И меня осенила шальная мысль. Пойду к Серго! Слышал я, что он привечает дома и директоров заводов, и нашего брата рабочего. Ну, пробился на дачу к нему. С шиком на автомобиле подъехал. Серго сразу узнал, кто я, откуда.
«А, Леонид Иванович! Какими судьбами в Москве?»
«На премиальной машине прикатил, товарищ нарком. Обновил ее на наших роскошных дорогах. Обмыл в Каме, Волге и Москва-реке».
«Своим ходом в Москву?»
«Своим. И без единой поломки. Хорошую машину сделали горьковчане. На обратном пути я каждому встречному и поперечному про эту хорошую машину трубить буду».
«Правильно! И получится у вас не просто автопробег. Агитационный автопробег. Давайте пообедаем, Леонид Иванович, а то Зинаида Гавриловна боится, что борщ остынет. Садитесь вот сюда, слева, чтобы я вас лучше слышал. Как там комбинат».
«Набирает градусы, Григорий Константинович, растет. Вторую мартеновскую печь и блюминг пустили. Третья домна вошла в ритм. Все идет хорошо. И город приводится в порядок после вашей суровой критики».
«Ну, а вы, лично вы, как живете?»
«Хорошо!»
«А почему глаза грустные? Почему растерянное лицо? Почему нет былой уверенности и задора?
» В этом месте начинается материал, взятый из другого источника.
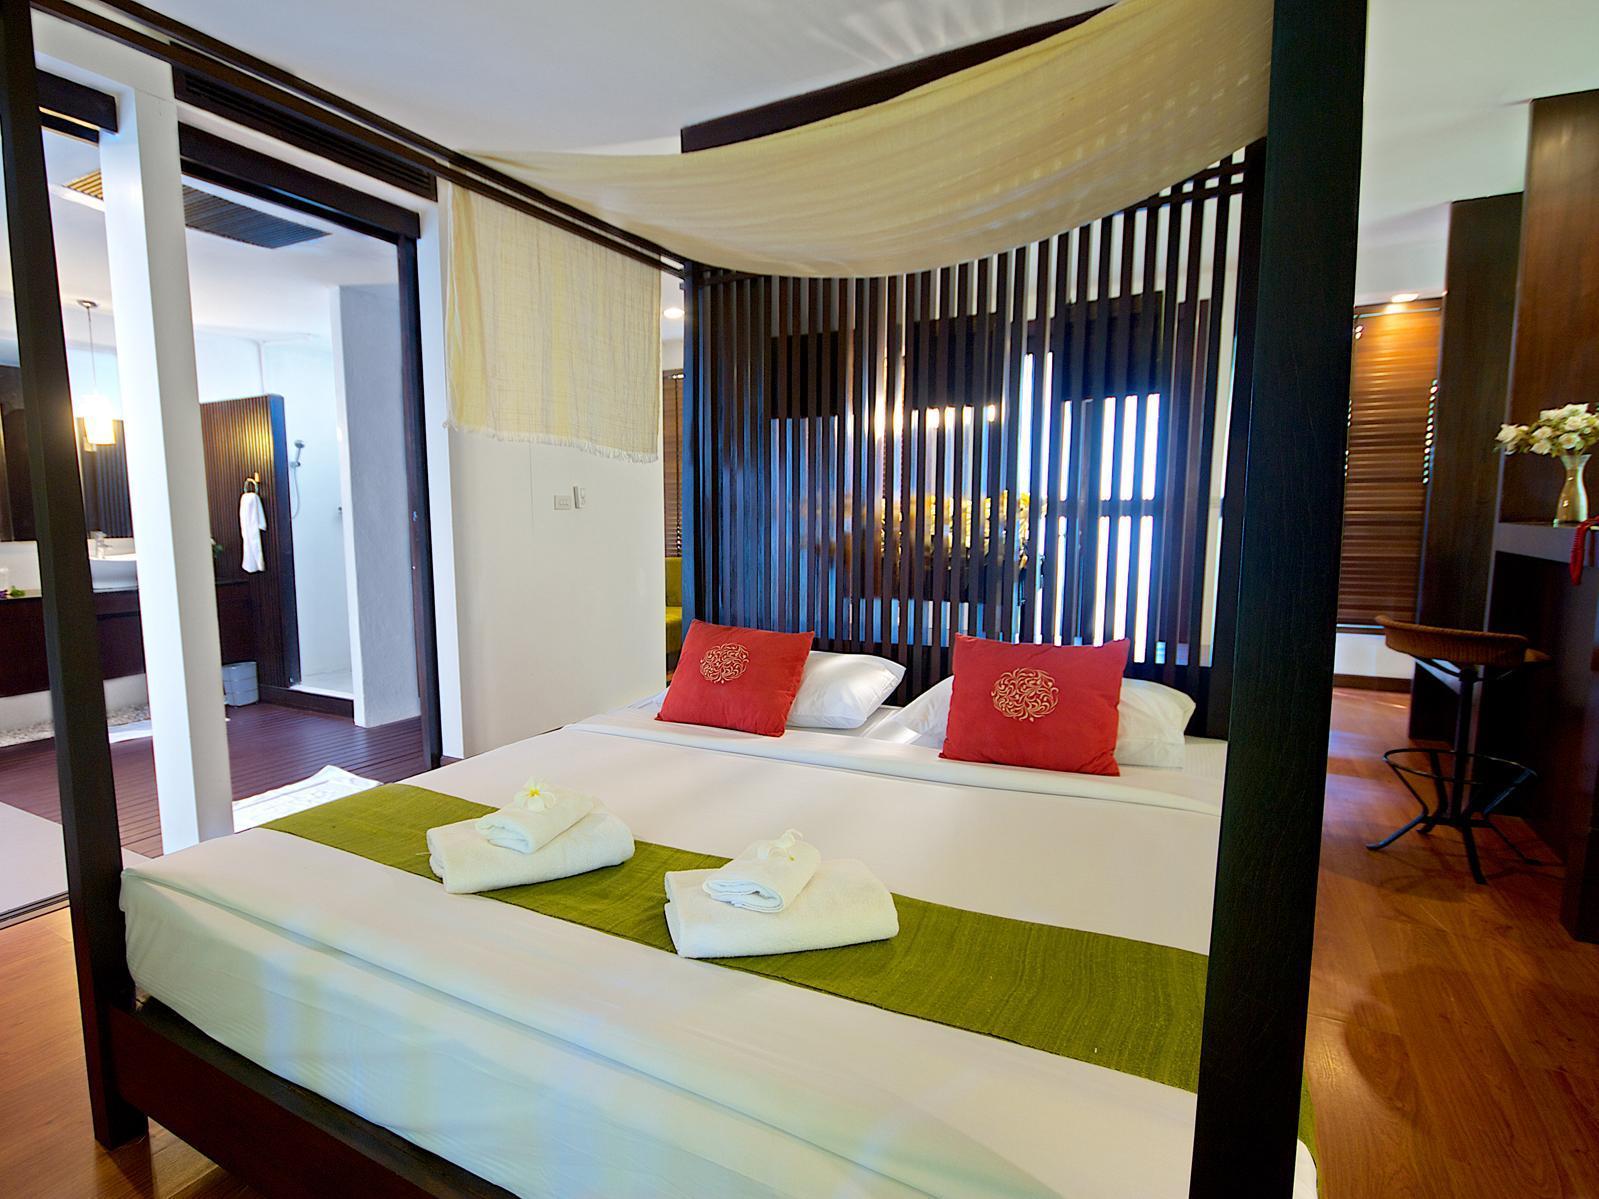 โรงแรมวิลลา พาราดี

Я помню вас, Леонид Иванович, веселым и отважным. Что-нибудь случилось?»
«Случилось, Григорий Константинович».
И я ему все рассказал. Ничего не утаил. Выслушал он меня не с каменным лицом, как бы это сделал Булатов. Не списал в утиль. Переглядывался с Зинаидой Гавриловной и улыбался: вот, дескать, какой мой друг Крамаренко ухарь-купец! Да! Когда я кончил рассказывать о своих ресторанных похождениях, он рассмеялся.
«И ты за два дня ухитрился прогулять все свои отпускные и дорожные деньги с пиджаком в придачу?!»
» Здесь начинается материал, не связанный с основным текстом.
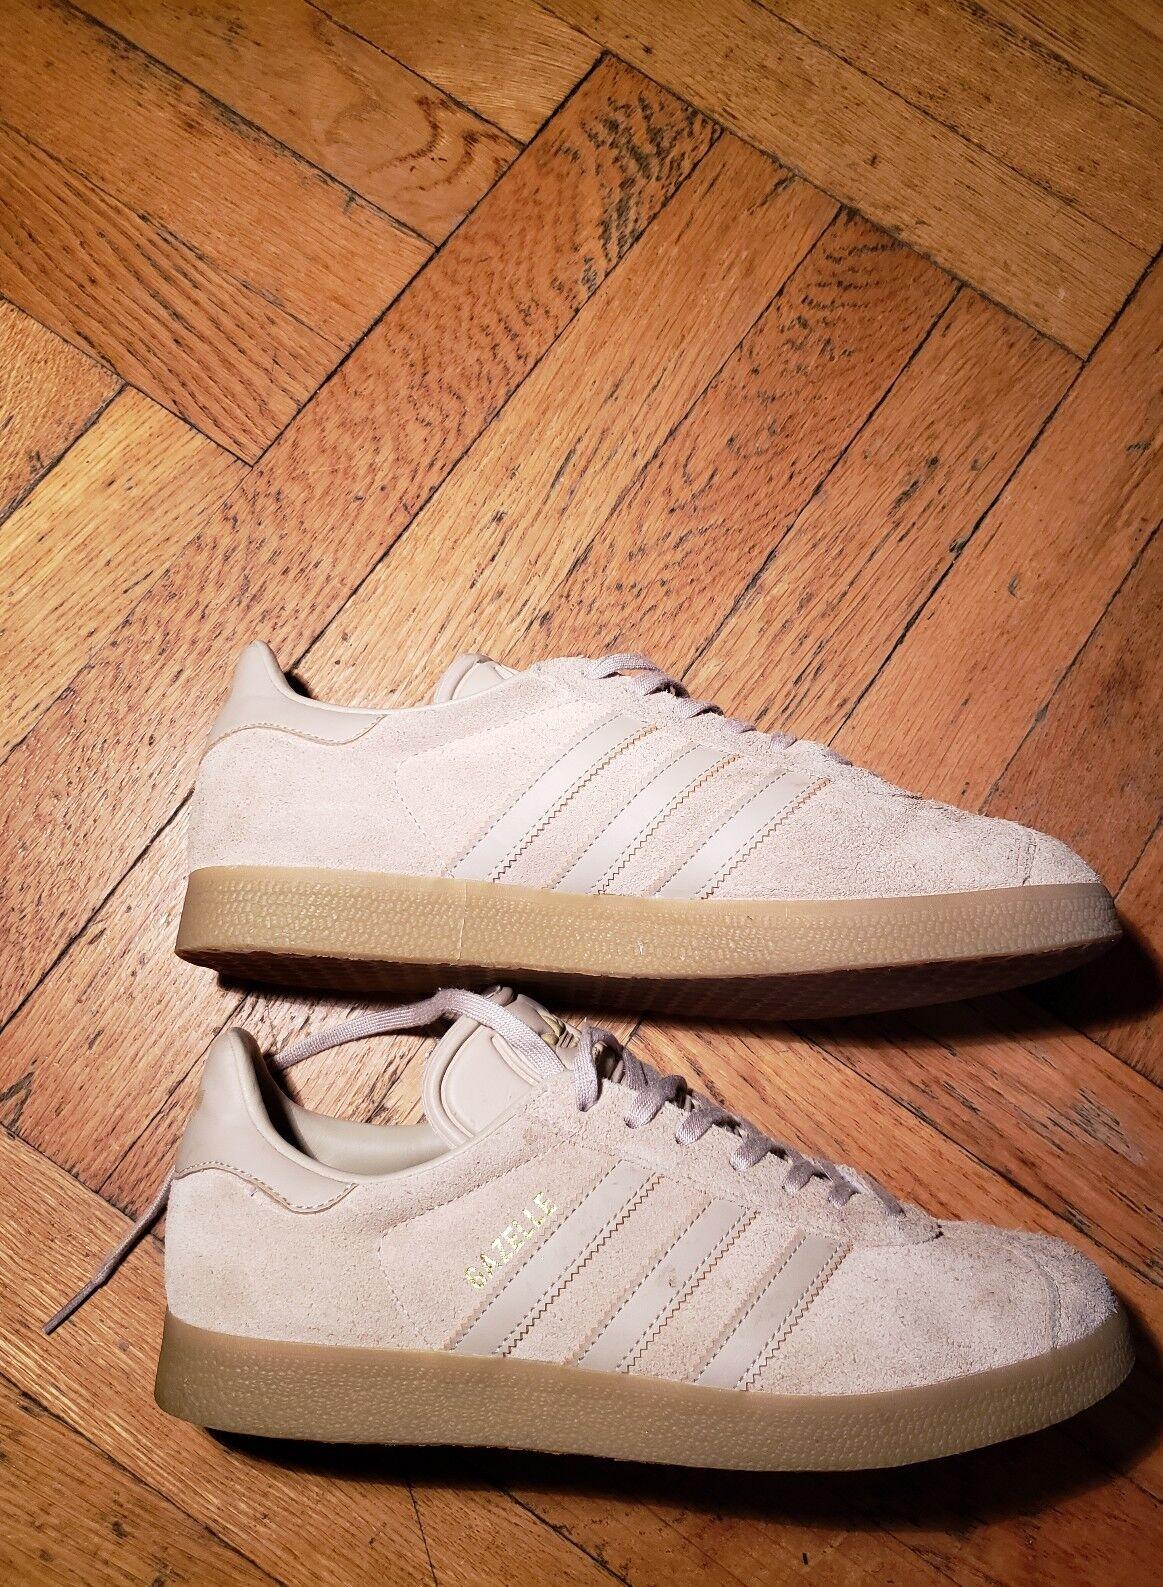 Adidas GAZELLE Shoes Men Comfortable Seasonal clearance sale

«Прогулял бы и больше, если бы не опустели карманы. Всех угощал, кто хотел выпить за мой родной комбинат».
«Ах, ты пил за свой комбинат? Ну, тогда другое дело».
И опять залился смехом. Смеется и спрашивает:
«Скажи, Леонид Иваныч, как же ты автомобиль ухитрился не прогулять? Неужели не было соблазна продать? Или не нашлось покупателя?»
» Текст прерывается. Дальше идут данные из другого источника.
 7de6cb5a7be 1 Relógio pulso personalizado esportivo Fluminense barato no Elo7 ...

«Было и то, и другое, Григорий Константинович. Но я сдержался. Ваш подарок мне дороже всяких денег. Простите, товарищ нарком, что так оскандалился. Первый и последний раз».
«Ничего, ничего, Леша, это бывает. Особенно с молодыми. Хорошо, что ты ко мне пришел со своей бедой. Благодарю за доверие…»
Повел меня в свой кабинет, достал из стола деньги и не считая сунул мне в руку. Я стоял перед ним как перед доменным огнем — весь горел и потел. От стыда, конечно.
«Ничего, ничего, Леша, бывает. Бери, дорогой. Деньги у тебя появились, а положить некуда — пиджака нет. Сейчас и это дело уладим».
Позвонил в наркомат, сказал своему помощнику Семушкину, чтобы тот помог мне срочно обмундироваться… Вот как закончилась первая половина моего автопробега на премиальной машине. Хорош я был гусь, а? Н-да! Это ж надо понимать, когда надо казнить, а когда миловать.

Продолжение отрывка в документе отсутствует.